### DIRECTIONS FOR THIS TASK
The line containing "Halloween panorama with" marks the start of the required copy, which runs to the final line of the entries; return those lines exactly, without any pictures.

### GIVEN DATA

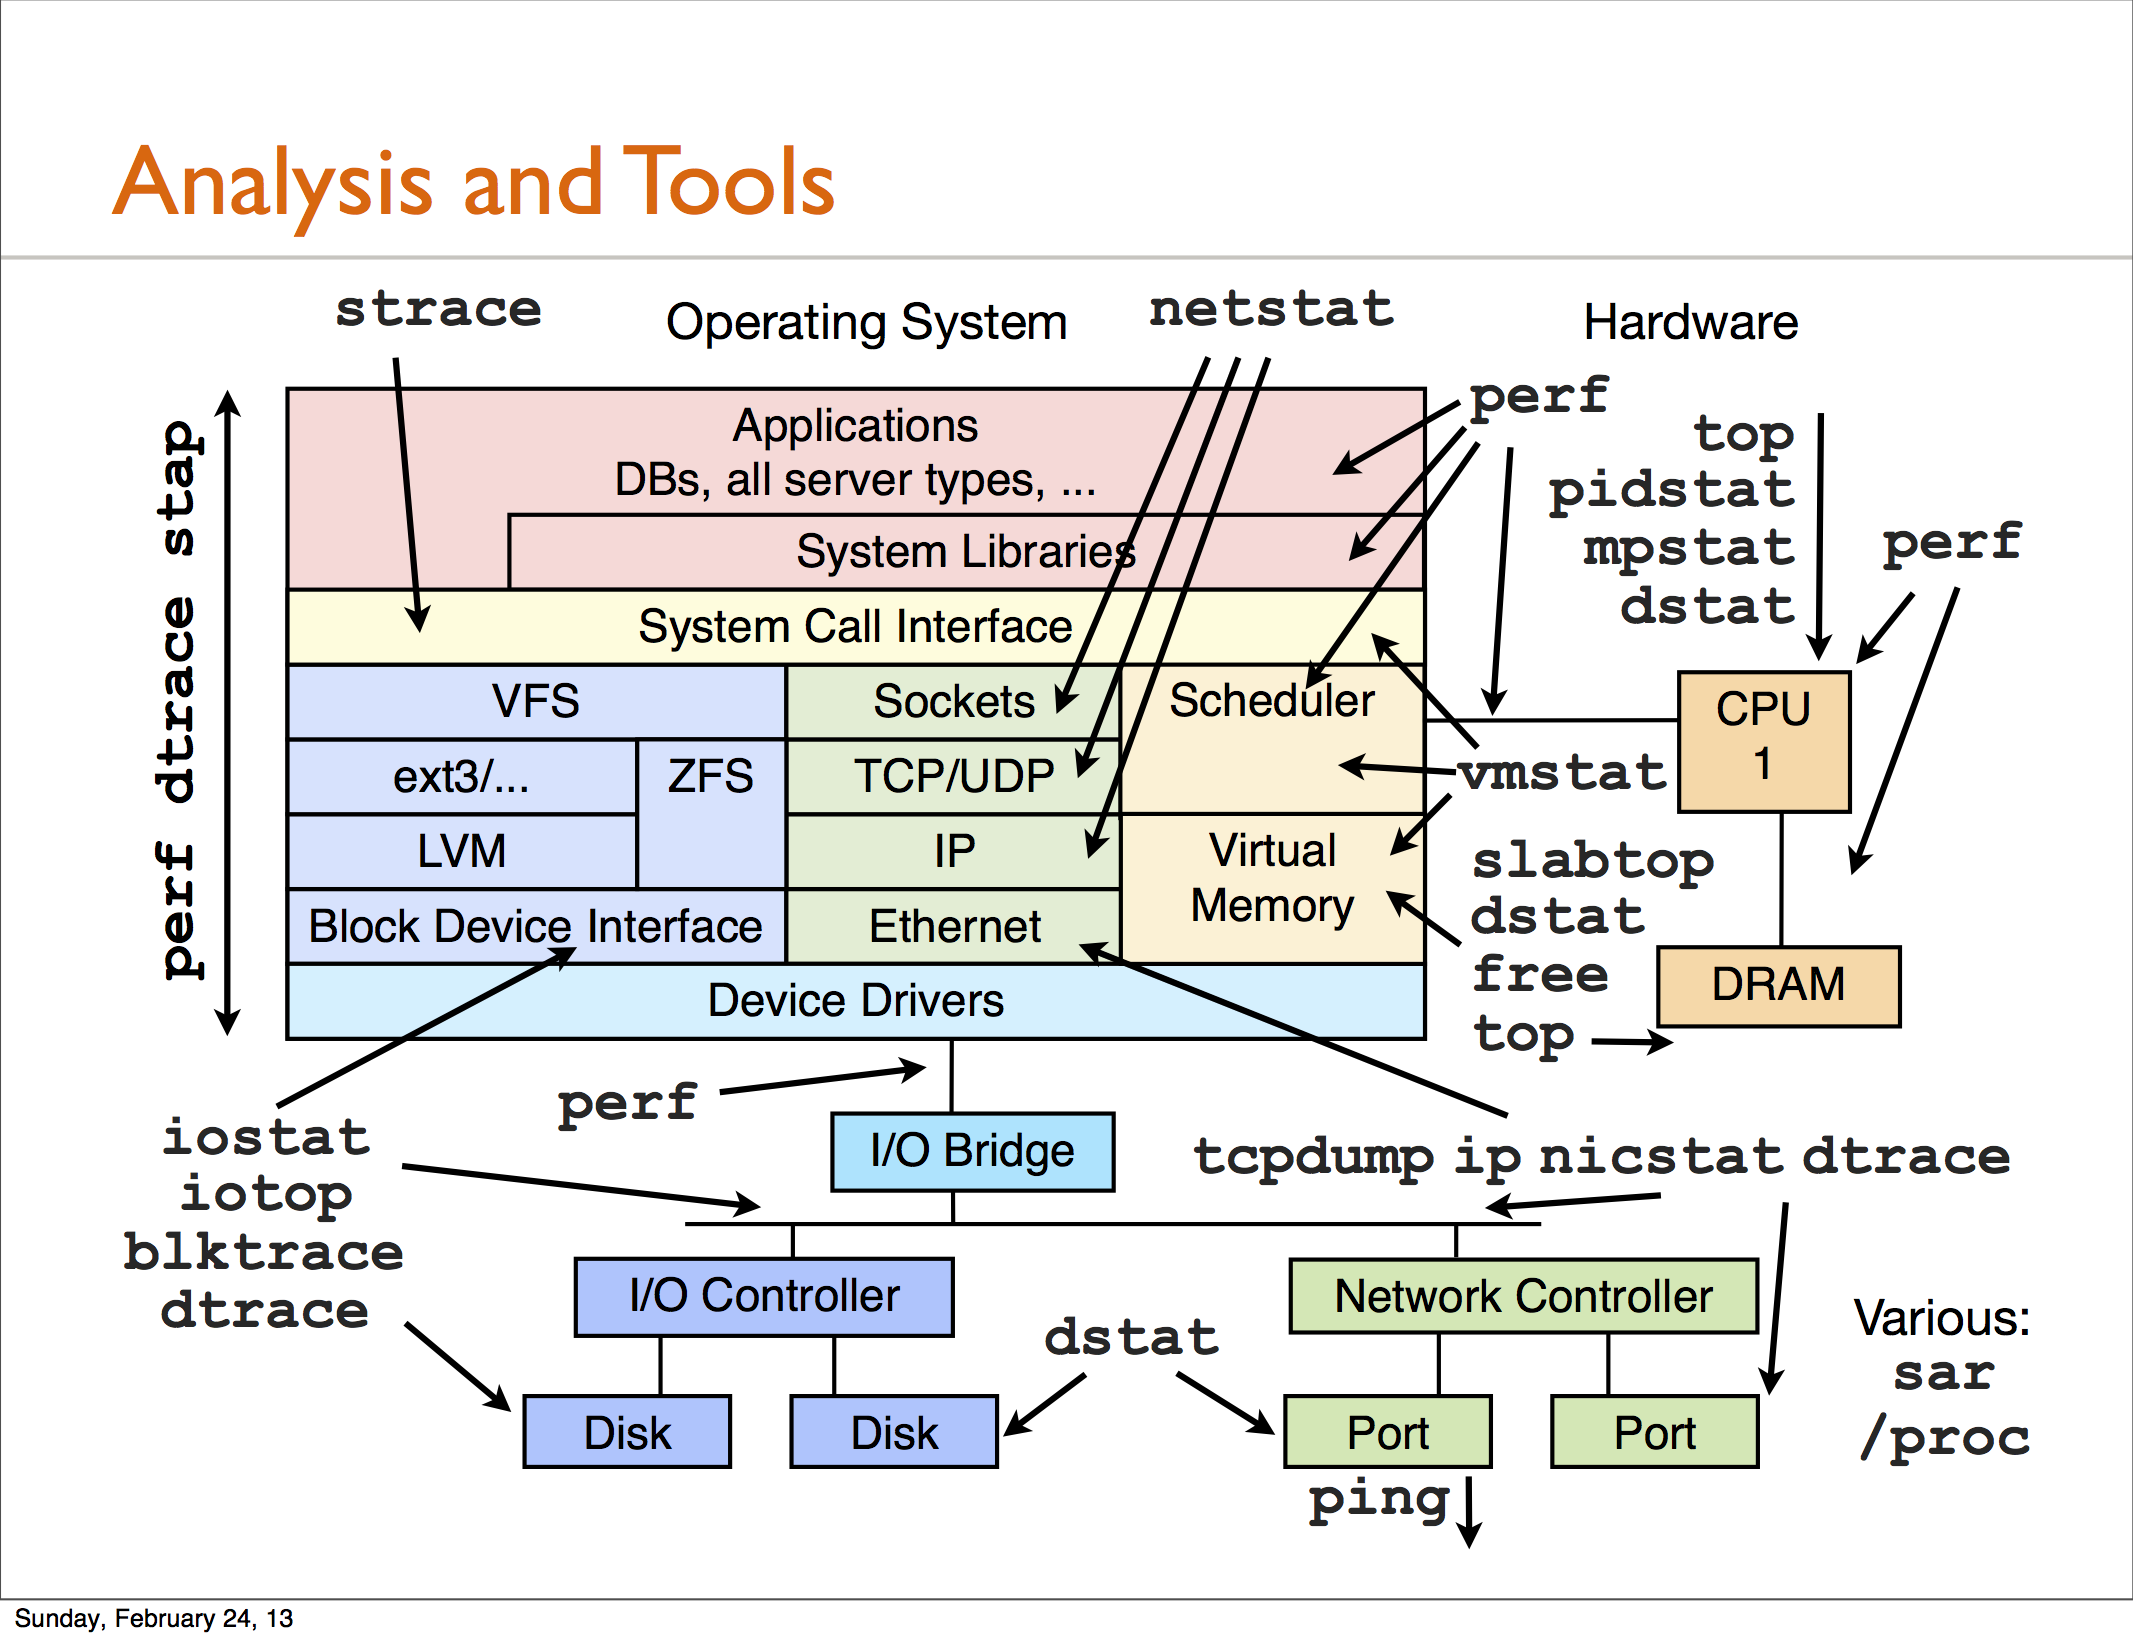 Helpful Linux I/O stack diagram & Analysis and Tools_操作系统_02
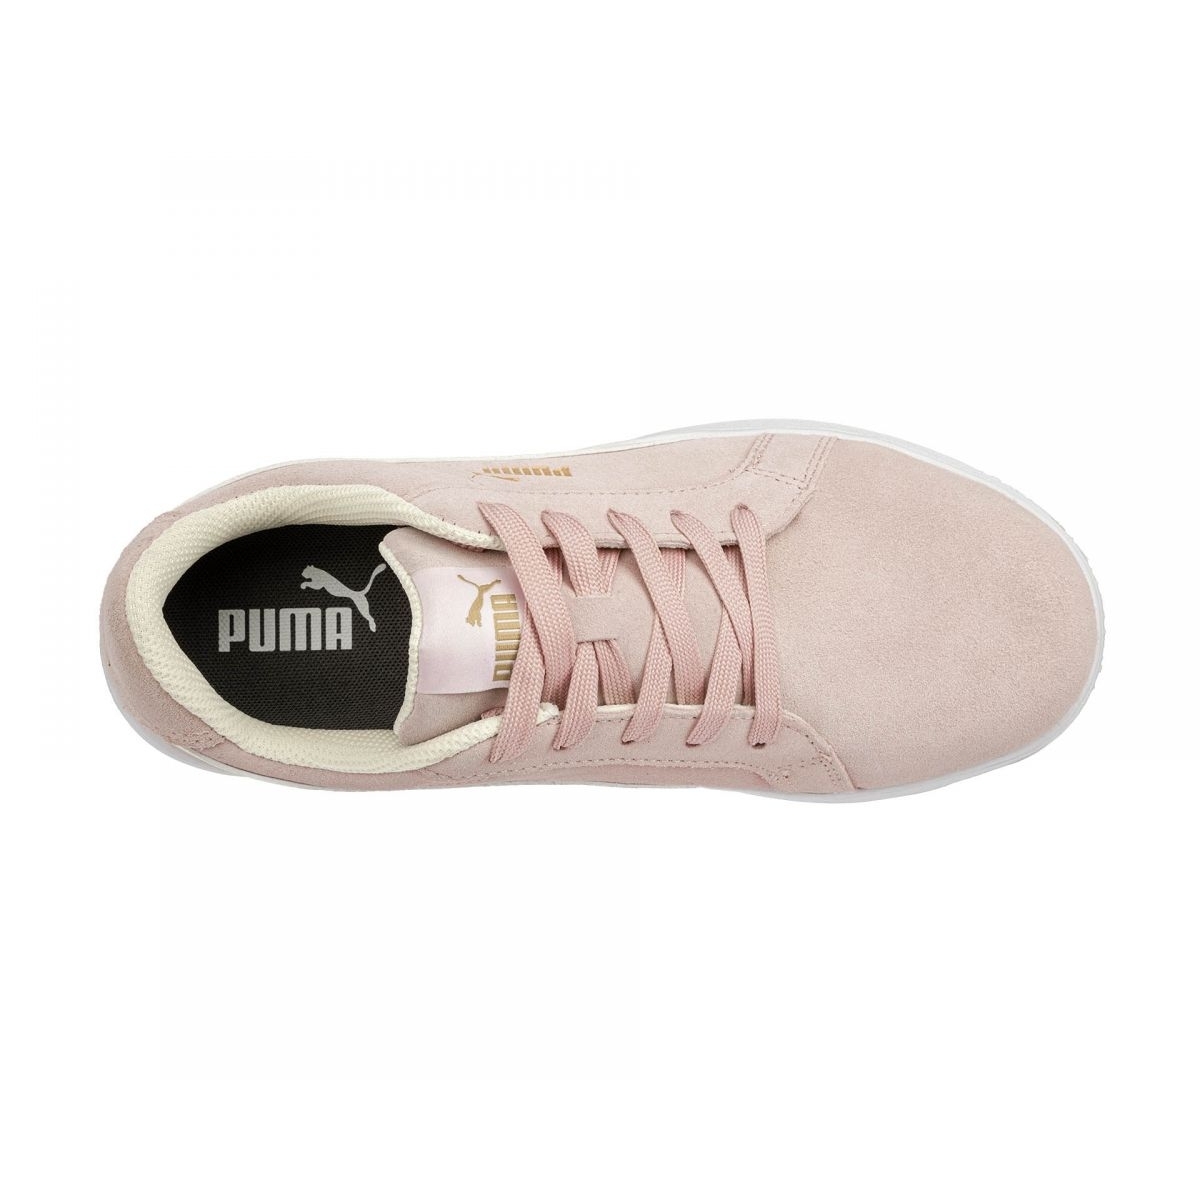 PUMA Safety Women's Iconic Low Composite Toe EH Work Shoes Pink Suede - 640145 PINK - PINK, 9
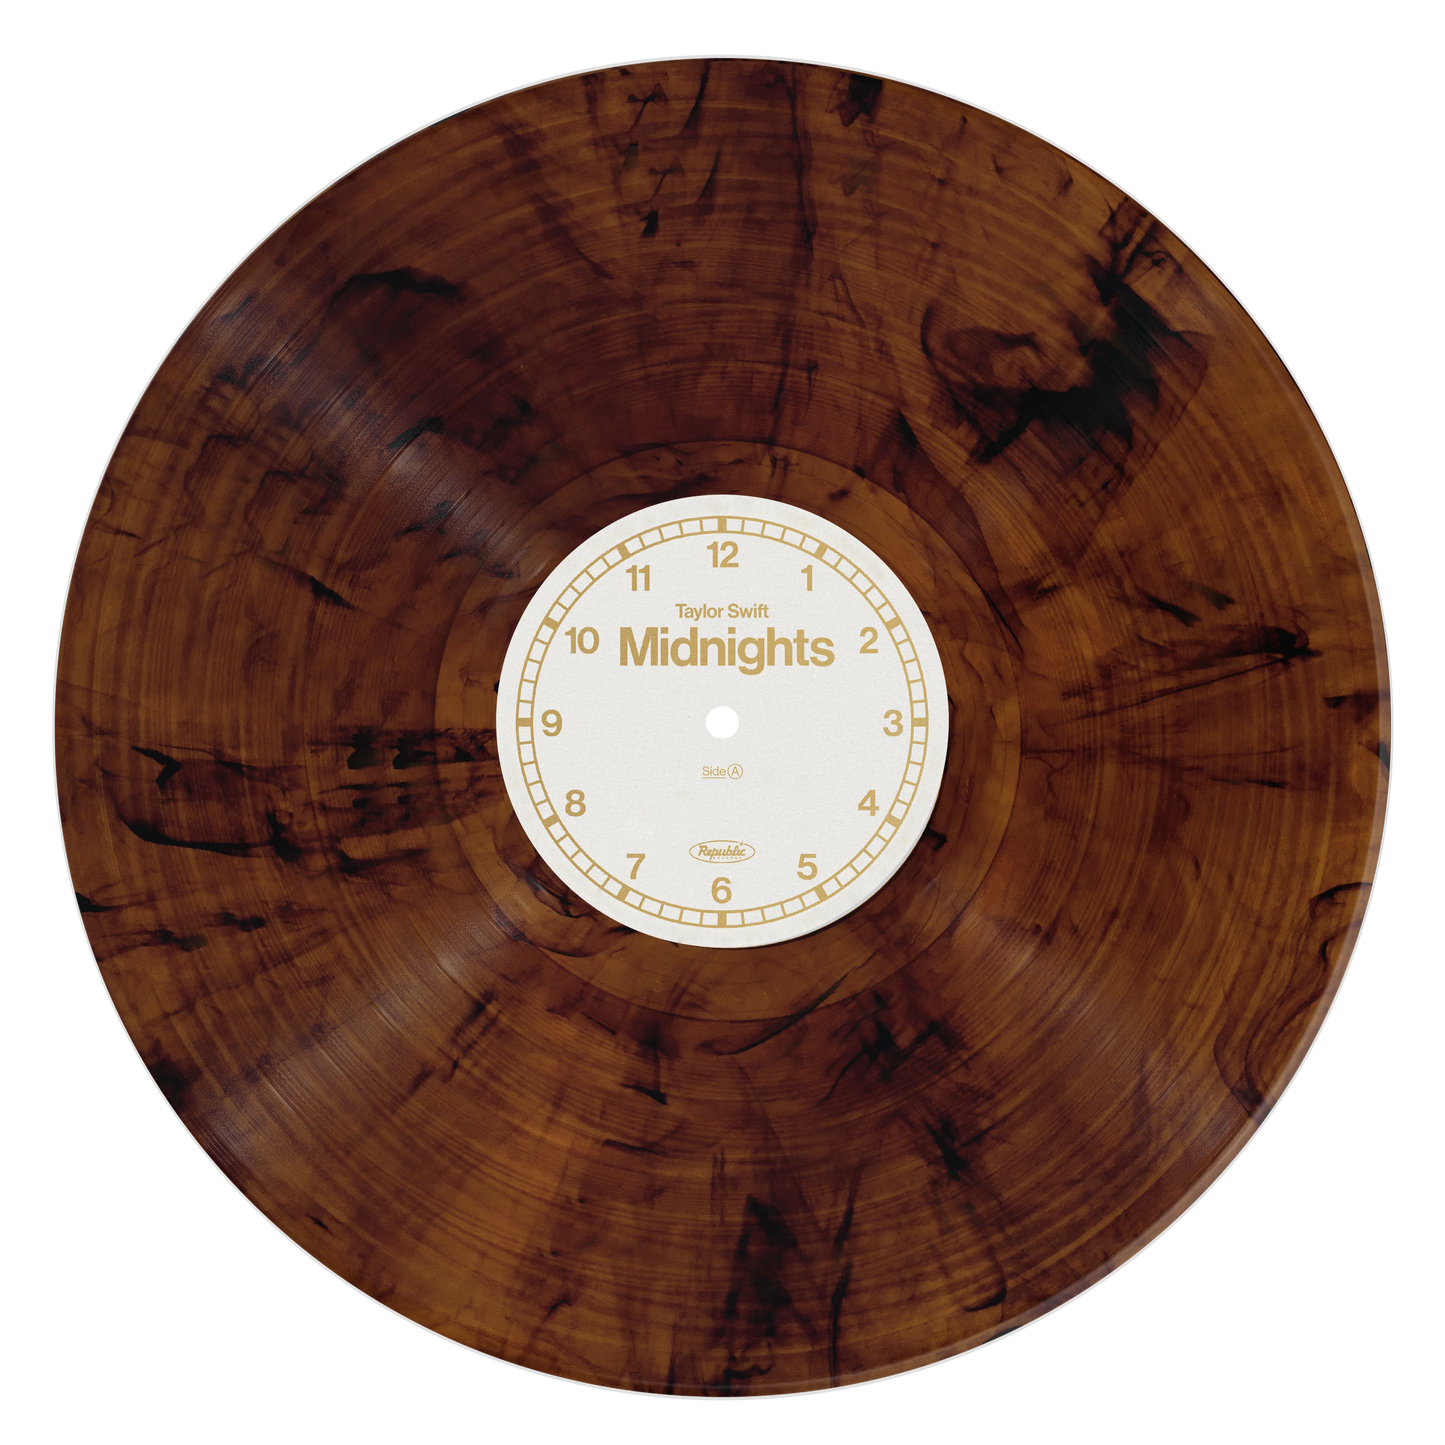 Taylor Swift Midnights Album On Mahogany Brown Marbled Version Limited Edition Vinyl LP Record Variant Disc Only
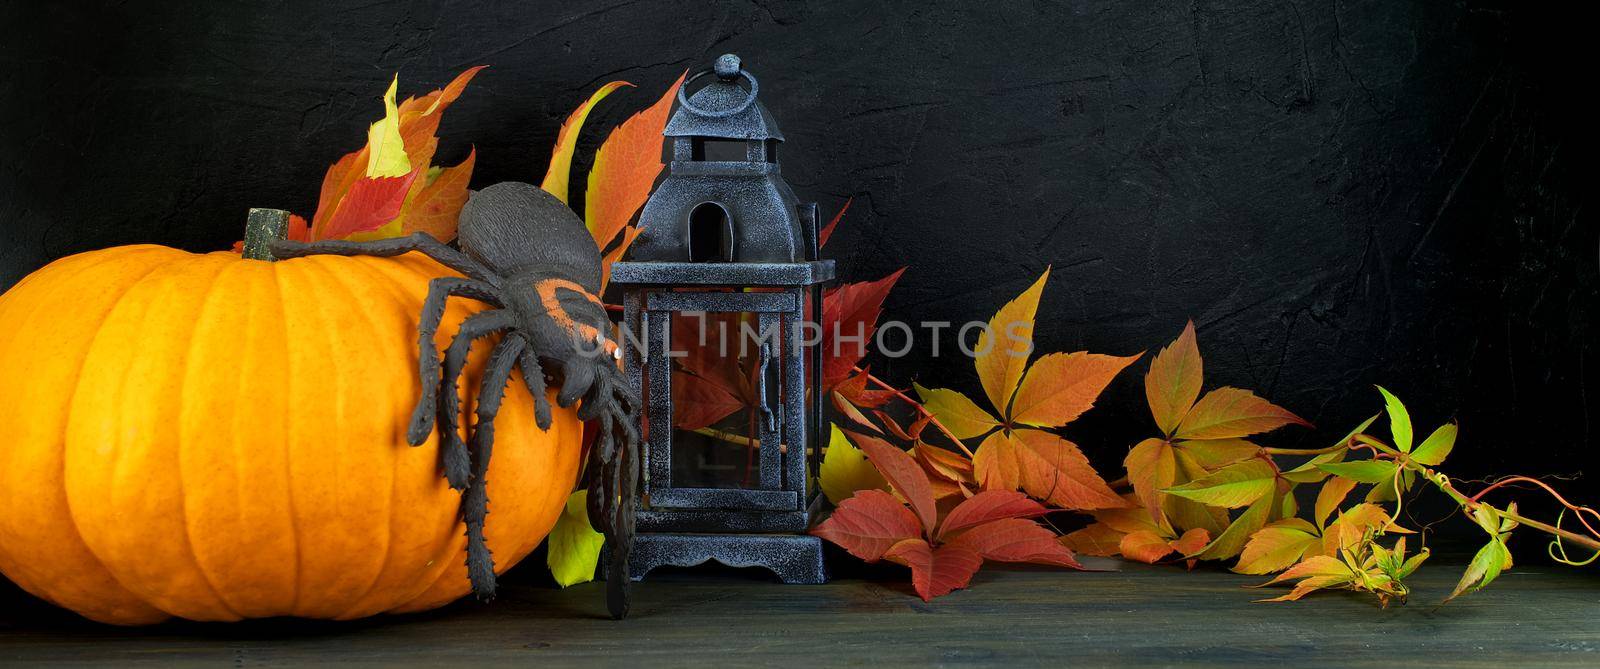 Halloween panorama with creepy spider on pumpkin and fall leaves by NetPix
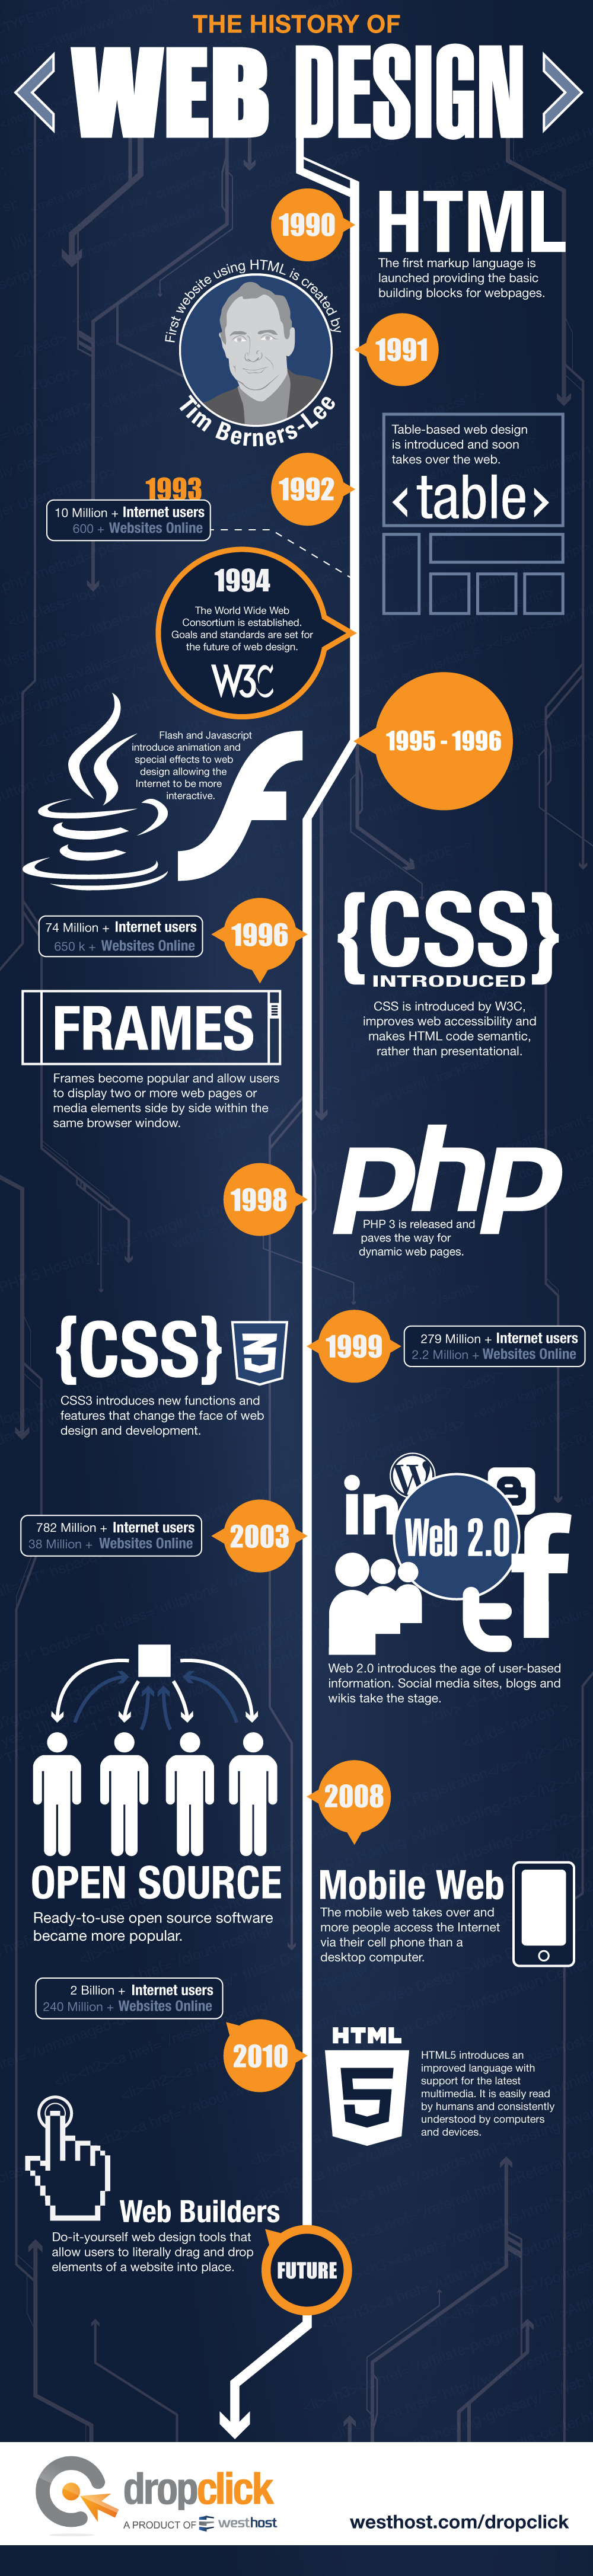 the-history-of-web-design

### RESPONSE
 Halloween panorama with creepy spider on pumpkin and fall leaves by NetPix
 the-history-of-web-design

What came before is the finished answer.